EXERCISE GOAL: Set down, please, exactly the lines below that run from the line with "Wayne Thiebaud: Clowns" to the line with "Overview of Spoken", both lines included.

++++ INFORMATION SUPPLIED ++++

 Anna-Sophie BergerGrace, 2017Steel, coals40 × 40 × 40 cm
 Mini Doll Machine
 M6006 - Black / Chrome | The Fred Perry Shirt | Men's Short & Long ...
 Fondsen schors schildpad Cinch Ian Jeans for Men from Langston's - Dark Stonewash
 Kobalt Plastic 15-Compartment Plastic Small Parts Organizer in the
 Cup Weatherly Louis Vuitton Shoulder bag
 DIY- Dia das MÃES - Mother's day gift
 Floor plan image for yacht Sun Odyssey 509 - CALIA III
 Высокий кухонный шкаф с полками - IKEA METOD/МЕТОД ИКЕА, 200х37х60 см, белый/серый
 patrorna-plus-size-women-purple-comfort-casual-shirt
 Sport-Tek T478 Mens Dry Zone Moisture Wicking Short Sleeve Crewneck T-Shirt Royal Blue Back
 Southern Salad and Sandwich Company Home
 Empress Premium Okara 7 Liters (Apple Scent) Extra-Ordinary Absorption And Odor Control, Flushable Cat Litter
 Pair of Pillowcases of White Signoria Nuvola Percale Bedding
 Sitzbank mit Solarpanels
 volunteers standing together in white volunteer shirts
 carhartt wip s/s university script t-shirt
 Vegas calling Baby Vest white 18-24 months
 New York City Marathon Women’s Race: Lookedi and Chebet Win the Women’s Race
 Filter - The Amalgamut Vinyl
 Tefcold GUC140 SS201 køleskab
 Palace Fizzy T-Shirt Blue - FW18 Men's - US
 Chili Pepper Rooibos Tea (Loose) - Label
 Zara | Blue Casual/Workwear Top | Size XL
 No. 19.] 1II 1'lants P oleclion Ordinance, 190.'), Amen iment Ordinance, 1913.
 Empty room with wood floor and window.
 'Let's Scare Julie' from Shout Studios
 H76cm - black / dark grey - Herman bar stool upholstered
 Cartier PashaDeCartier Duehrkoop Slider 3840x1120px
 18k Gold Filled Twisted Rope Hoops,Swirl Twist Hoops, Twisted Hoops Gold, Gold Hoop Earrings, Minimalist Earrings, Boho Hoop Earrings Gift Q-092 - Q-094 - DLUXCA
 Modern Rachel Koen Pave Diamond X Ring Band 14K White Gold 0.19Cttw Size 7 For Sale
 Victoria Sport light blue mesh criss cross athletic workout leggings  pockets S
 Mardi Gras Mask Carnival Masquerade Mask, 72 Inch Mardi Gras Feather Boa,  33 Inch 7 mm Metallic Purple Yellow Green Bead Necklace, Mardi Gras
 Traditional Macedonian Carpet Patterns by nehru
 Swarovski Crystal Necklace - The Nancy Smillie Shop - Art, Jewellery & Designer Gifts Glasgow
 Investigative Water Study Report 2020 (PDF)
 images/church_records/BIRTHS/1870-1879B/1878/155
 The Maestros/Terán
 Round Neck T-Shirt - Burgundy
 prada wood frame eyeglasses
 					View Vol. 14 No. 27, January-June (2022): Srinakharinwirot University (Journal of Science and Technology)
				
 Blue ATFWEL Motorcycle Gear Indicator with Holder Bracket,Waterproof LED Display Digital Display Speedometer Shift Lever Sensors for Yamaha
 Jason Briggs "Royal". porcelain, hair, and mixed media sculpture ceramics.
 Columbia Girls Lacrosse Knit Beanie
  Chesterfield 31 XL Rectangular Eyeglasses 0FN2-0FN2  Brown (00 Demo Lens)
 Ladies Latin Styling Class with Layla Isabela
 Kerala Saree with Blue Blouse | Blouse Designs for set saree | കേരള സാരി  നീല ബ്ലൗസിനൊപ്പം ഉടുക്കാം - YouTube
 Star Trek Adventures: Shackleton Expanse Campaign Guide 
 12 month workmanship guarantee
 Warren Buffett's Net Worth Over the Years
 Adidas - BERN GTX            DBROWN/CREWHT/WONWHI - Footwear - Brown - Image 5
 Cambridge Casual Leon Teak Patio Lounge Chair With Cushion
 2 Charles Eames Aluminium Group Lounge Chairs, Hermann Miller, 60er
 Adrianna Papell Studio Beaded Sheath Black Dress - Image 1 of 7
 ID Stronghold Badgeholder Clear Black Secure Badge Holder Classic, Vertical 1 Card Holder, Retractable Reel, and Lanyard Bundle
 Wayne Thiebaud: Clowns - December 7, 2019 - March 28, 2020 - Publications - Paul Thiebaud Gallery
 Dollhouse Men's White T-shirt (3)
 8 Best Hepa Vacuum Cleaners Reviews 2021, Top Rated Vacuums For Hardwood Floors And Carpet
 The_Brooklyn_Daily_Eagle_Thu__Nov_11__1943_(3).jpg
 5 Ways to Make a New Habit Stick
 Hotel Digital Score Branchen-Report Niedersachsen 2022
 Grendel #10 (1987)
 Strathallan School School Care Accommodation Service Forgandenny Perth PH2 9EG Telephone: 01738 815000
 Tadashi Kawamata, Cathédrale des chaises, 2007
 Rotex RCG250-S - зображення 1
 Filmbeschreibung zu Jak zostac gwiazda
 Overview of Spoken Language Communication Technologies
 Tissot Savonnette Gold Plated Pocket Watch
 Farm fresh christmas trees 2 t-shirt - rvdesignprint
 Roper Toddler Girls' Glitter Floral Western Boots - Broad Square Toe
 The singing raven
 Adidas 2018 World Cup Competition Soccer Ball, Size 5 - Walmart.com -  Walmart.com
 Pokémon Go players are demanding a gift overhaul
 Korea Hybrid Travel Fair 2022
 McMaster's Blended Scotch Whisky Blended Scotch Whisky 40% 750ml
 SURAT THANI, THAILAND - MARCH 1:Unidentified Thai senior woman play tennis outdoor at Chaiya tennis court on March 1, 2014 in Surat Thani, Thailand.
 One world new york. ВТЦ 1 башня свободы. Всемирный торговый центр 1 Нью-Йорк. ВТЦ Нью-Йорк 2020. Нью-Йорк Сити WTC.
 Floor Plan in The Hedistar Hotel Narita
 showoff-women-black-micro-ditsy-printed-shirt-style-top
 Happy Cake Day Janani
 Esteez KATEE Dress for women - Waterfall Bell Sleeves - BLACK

++++

OUTPUT:
 Wayne Thiebaud: Clowns - December 7, 2019 - March 28, 2020 - Publications - Paul Thiebaud Gallery
 Dollhouse Men's White T-shirt (3)
 8 Best Hepa Vacuum Cleaners Reviews 2021, Top Rated Vacuums For Hardwood Floors And Carpet
 The_Brooklyn_Daily_Eagle_Thu__Nov_11__1943_(3).jpg
 5 Ways to Make a New Habit Stick
 Hotel Digital Score Branchen-Report Niedersachsen 2022
 Grendel #10 (1987)
 Strathallan School School Care Accommodation Service Forgandenny Perth PH2 9EG Telephone: 01738 815000
 Tadashi Kawamata, Cathédrale des chaises, 2007
 Rotex RCG250-S - зображення 1
 Filmbeschreibung zu Jak zostac gwiazda
 Overview of Spoken Language Communication Technologies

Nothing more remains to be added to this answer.